Les propos du Baron semblaient figer ses deux fils qui ne savaient dire si Lèvius se jouait d’eux ou non.

— Voyons, je me disais bien que ce défi t’intéressait et je n’ai rien fait pour t’empêcher, car c’est là ta place. Si par contre tu te lançais toi aussi dans le domaine militaire alors là, je t’aurais repris quant à tes choix.

— Mère n’aurait pas aimé…

— C’est le moins qu’on puisse dire, elle m’aurait bien tué pour avoir laissé un autre de ses fils partir au front. Enfin, elle s’en serait prise à toi en premier bien évidemment, finit Lèvius avec un clin d’œil complice.

— Mais elle ne doit pas être enchantée non plus de me voir participer à la course de spires.

— Non, bien sûr que non. Mais la pilule est plus facile à faire passer sachant que tu restes proche d’elle. Une mère protège ses enfants, ainsi va la vie.

— J’espère qu’elle ne m’en voudra pas trop.

— Le temps nous le dira, répondit Vilius à son jumeau.

Alors qu’il adoubait ces bonnes paroles. Lèvius, qui observait l’appareil encore quelque peu recouvert de son tissu protecteur, se retourna vers ses fils.

— Bon, vous m’aidez à le débarrasser que je puisse le voir complètement ?

S’activant, Paul et Vilius s’approchèrent de leur père et se mirent à tirer à leur tour la grande bâche de l’aéronef. Lentement, l’engin qui se cachait sous ces anonymes tissus se révéla au Baron Devràn. Ce n’était pas un robuste mécha, nullement un chenillard qui apparut, mais bien l’un de ces agiles aéroplanes que l’Empire utilisait aussi bien à la guerre que dans le civil.

Ses ailes étaient absentes et gisaient en morceaux sur les tables de travail.
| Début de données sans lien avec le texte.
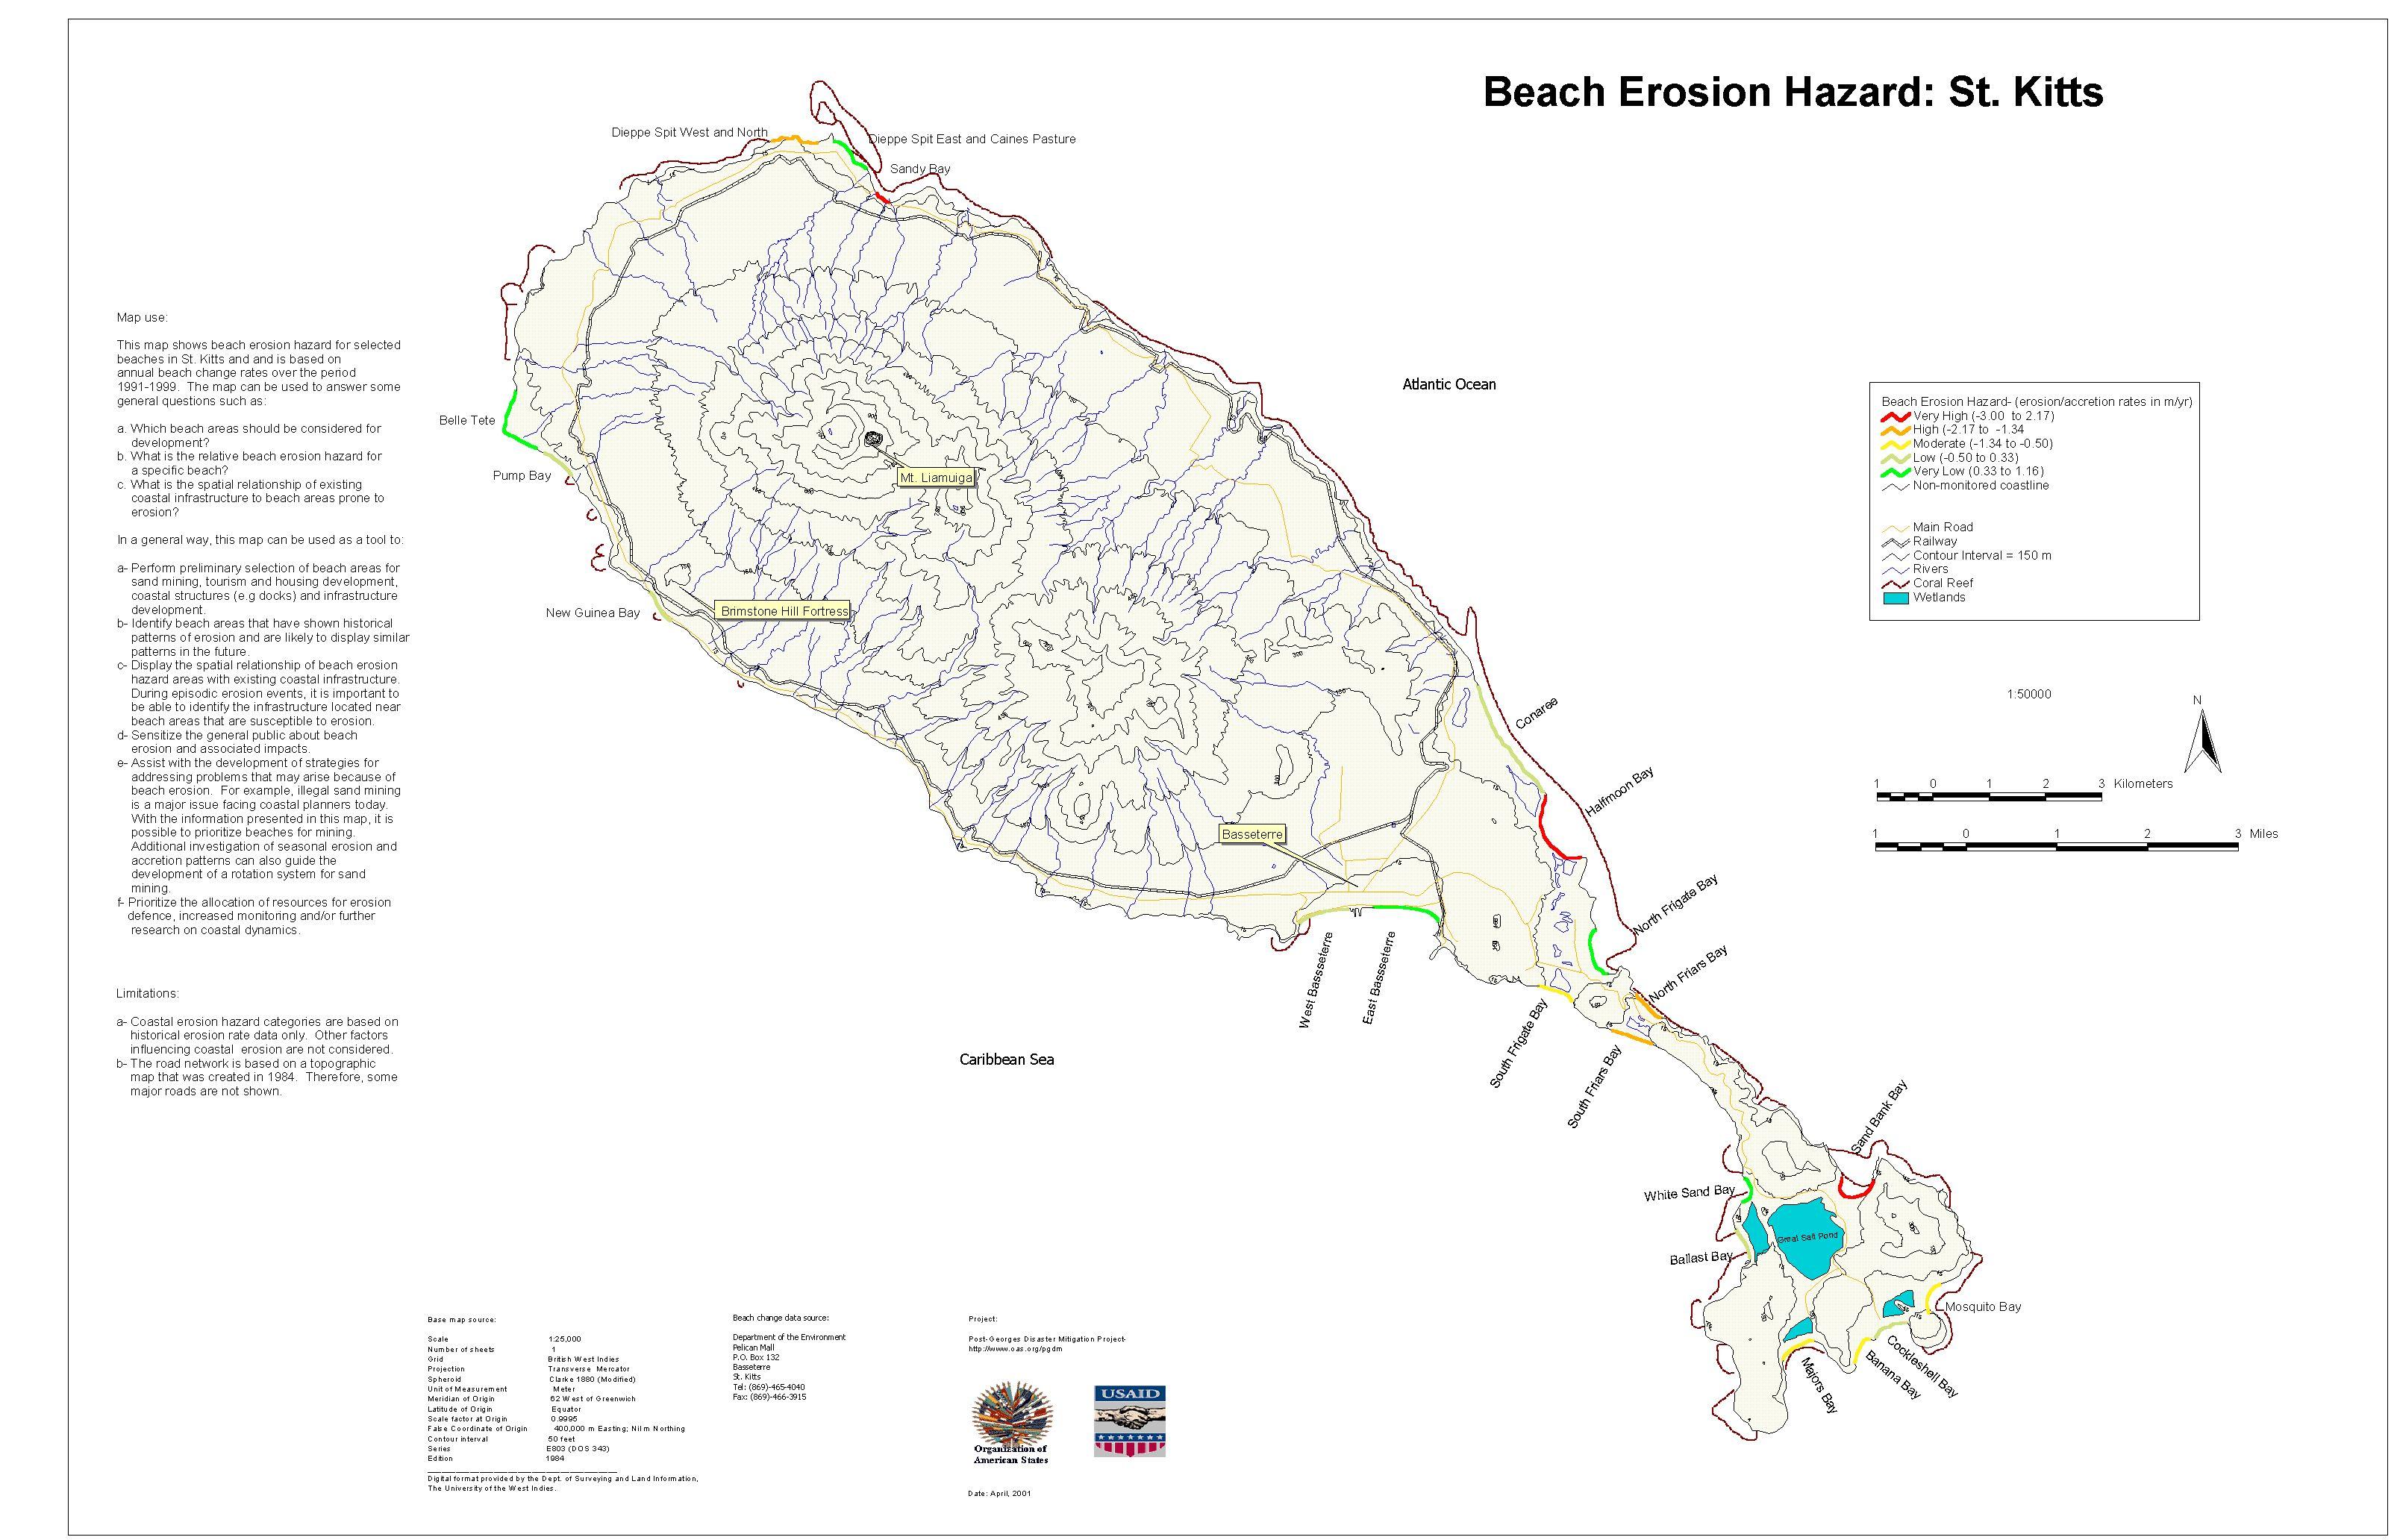 PGDM Beach Erosion Hazard Map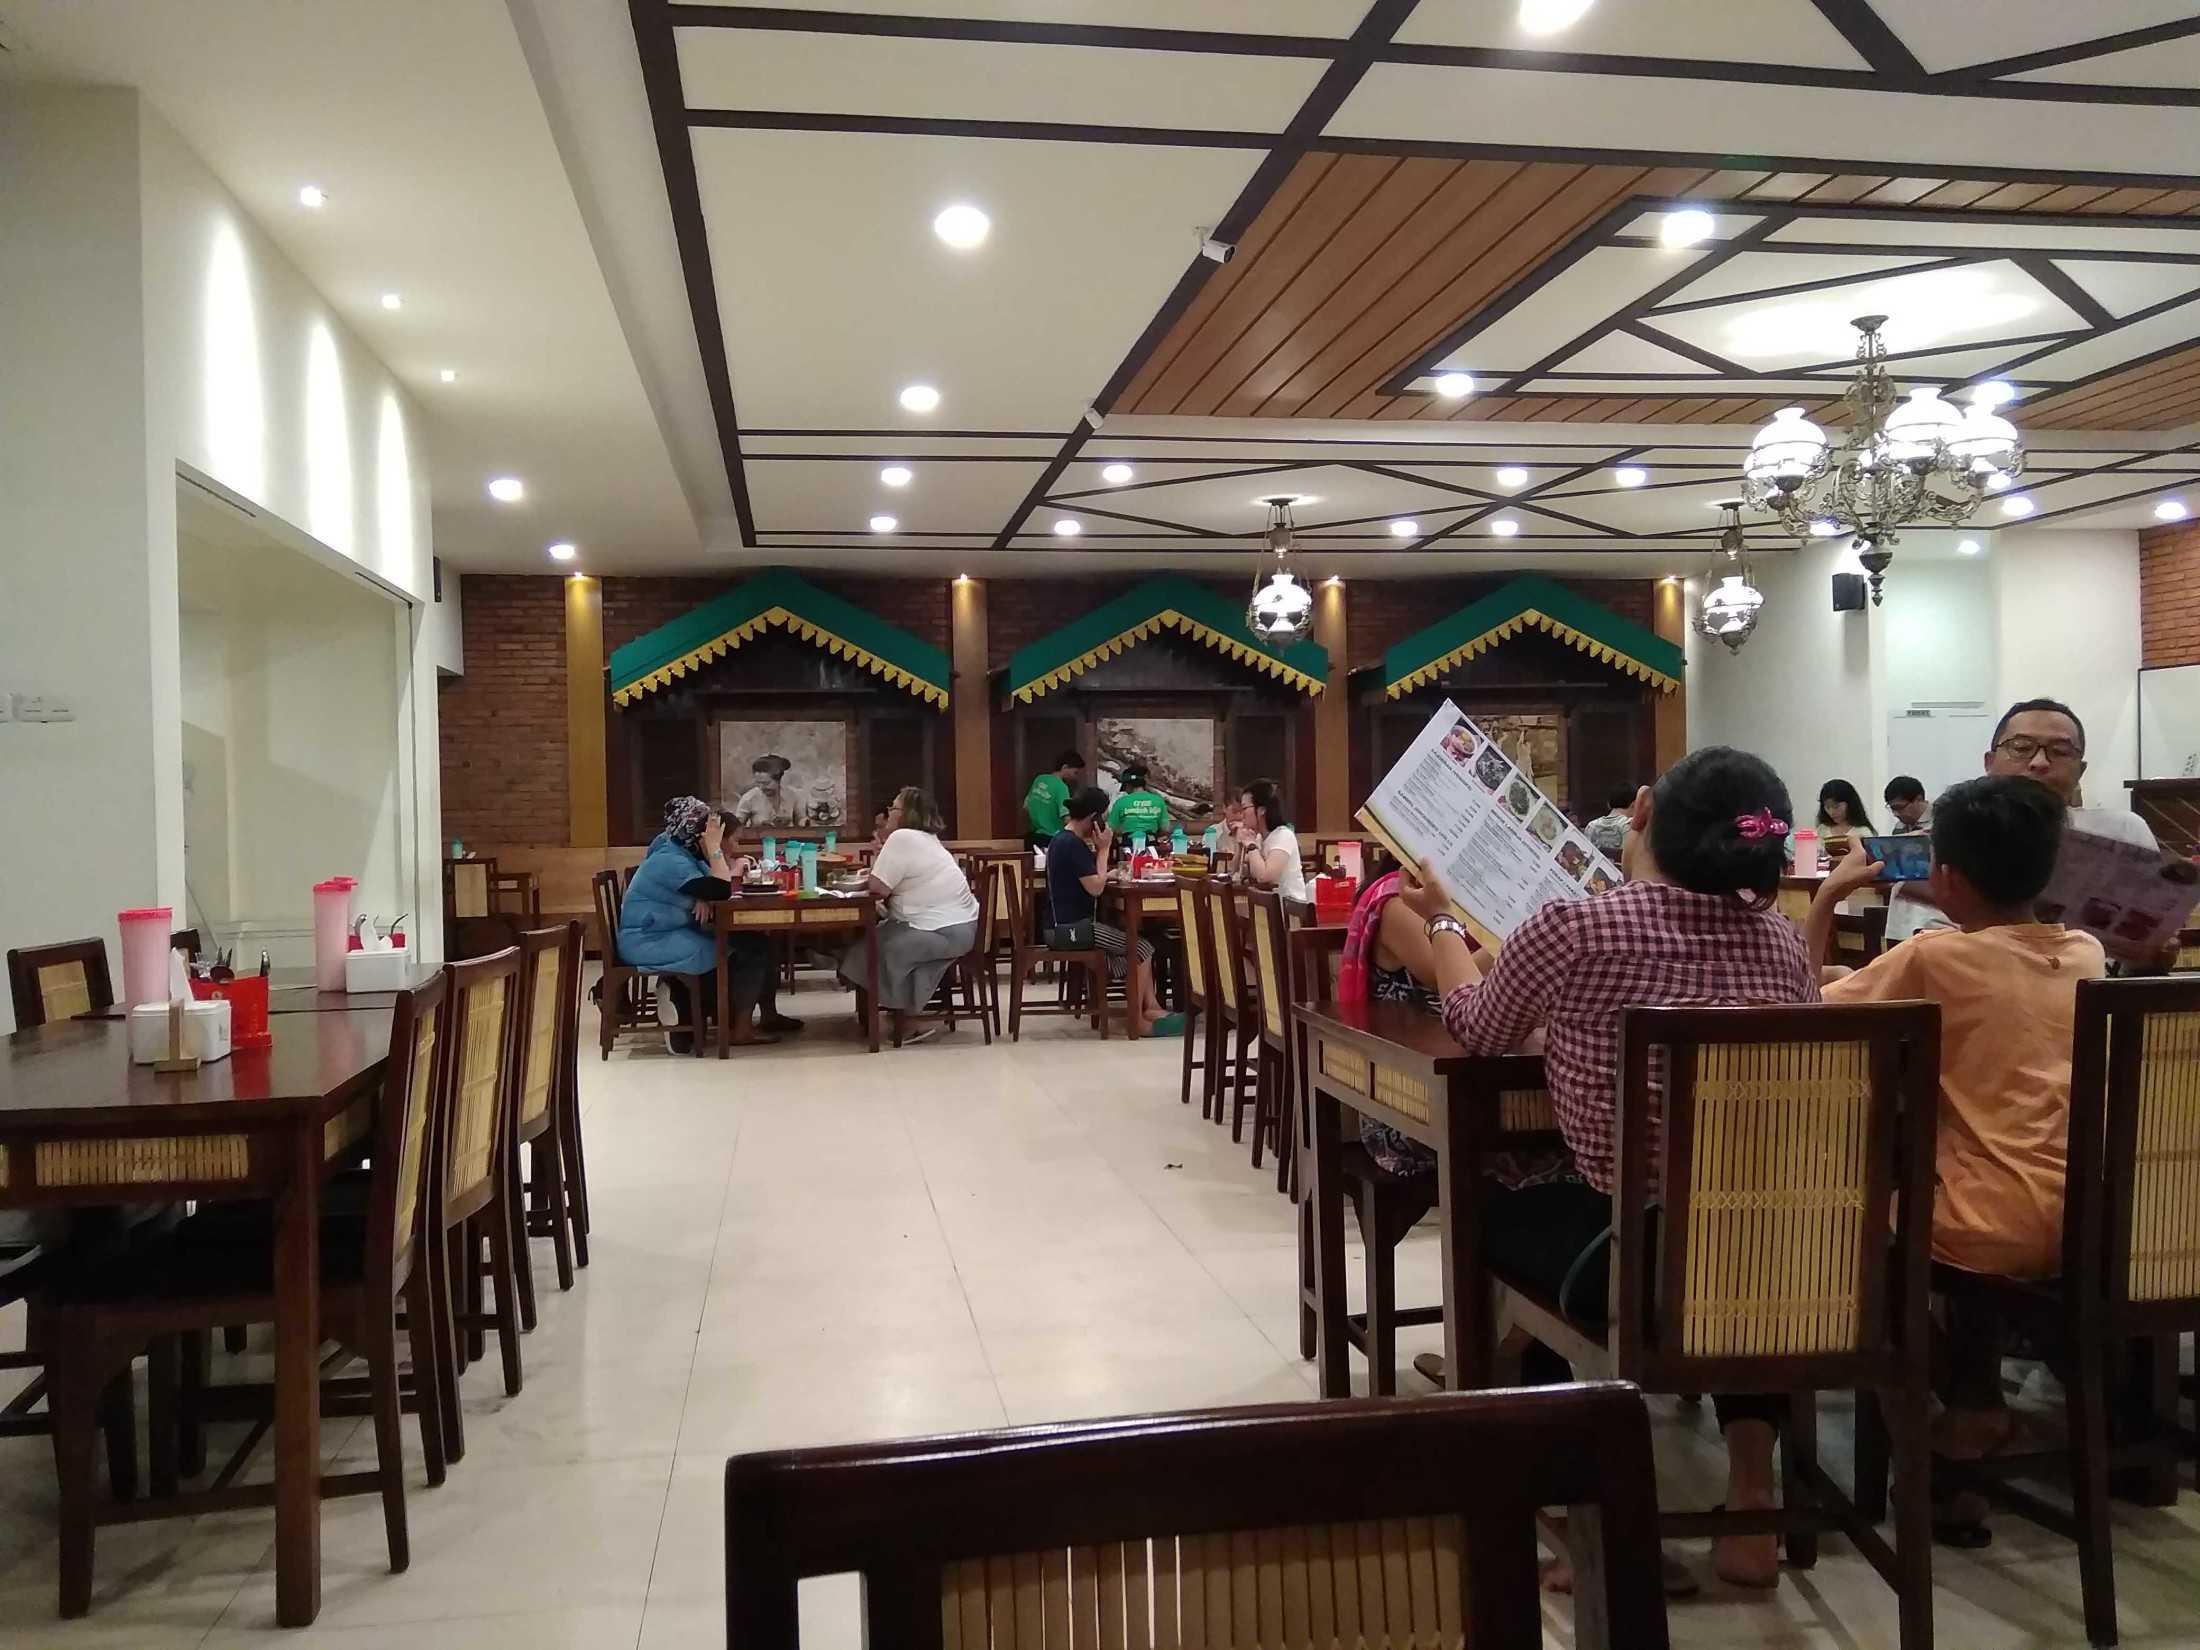 Roku+Architects Restaurant Lombok Idjo Renon Renon, Kec. Denpasar Sel., Kota Denpasar, Bali, Indonesia Renon, Kec. Denpasar Sel., Kota Denpasar, Bali, Indonesia Rokuarchitects-Restaurant-Lombok-Idjo-Renon  115894

Elles étaient détachées tout comme le moteur qui gisait non loin.

Malgré l’aspect anarchique de l’appareil, Lèvius reconnaissait parfaitement le modèle qui prenait place face à lui. Un H.G 11, fruit des célèbres usines Helbert-Gauglin comme en témoignait les initiales qui en était déjà à sa onzième itération du modèle. Le temps filait, les années passaient, les inventions fleurissaient, mais les combats eux ne disparaissaient pas. Loin de là et l’engin symbolisait bien tout cela pour le Baron.

Cet aéroplane était de qualité, en attestait le bois, les métaux et la toile utilisée dans sa conception. Lèvius qui caressait la surface du cockpit était tel un amant retrouvant un amour longuement perdu. De nombreux souvenirs surgissaient à présent en lui. Ses premières heures de vol, ses hauts faits. Sa propre course de spires et enfin la guerre qui l’avaient évidemment marqué de manière définitive que ce soit dans son esprit ou sa chair.

— Alors ? fit Paul en observant son père admirer l’engin qui était pour ainsi dire en pièce détaché.

— Une magnifique monture, j’aurais sûrement remporté la course à l’époque si je disposais de tels équipements.

— Alors plus d’excuses pour ne pas gagner, dit Vilius avec un brin de malice.

— Ton frère n’a pas tord Paul, la charge est lourde sur tes épaules, mais c’est là ton choix… Et tu dois à présent faire honneur au nom de ta famille. Laissant un moment de vide planer dans sa phrase, Lèvius se décida à quitter les lieux. Bon, je vous laisse à vos travaux mes fils. Ma journée n’est pas encore finie, ni l’a vôtre on dirait.

Alors que Paul et Vilius se fendaient d’un simple « père » comme salut, ils observaient le Baron délaisser leur atelier de fortune qui reprenait vie avec les ouvriers qui refirent chanter leurs outils.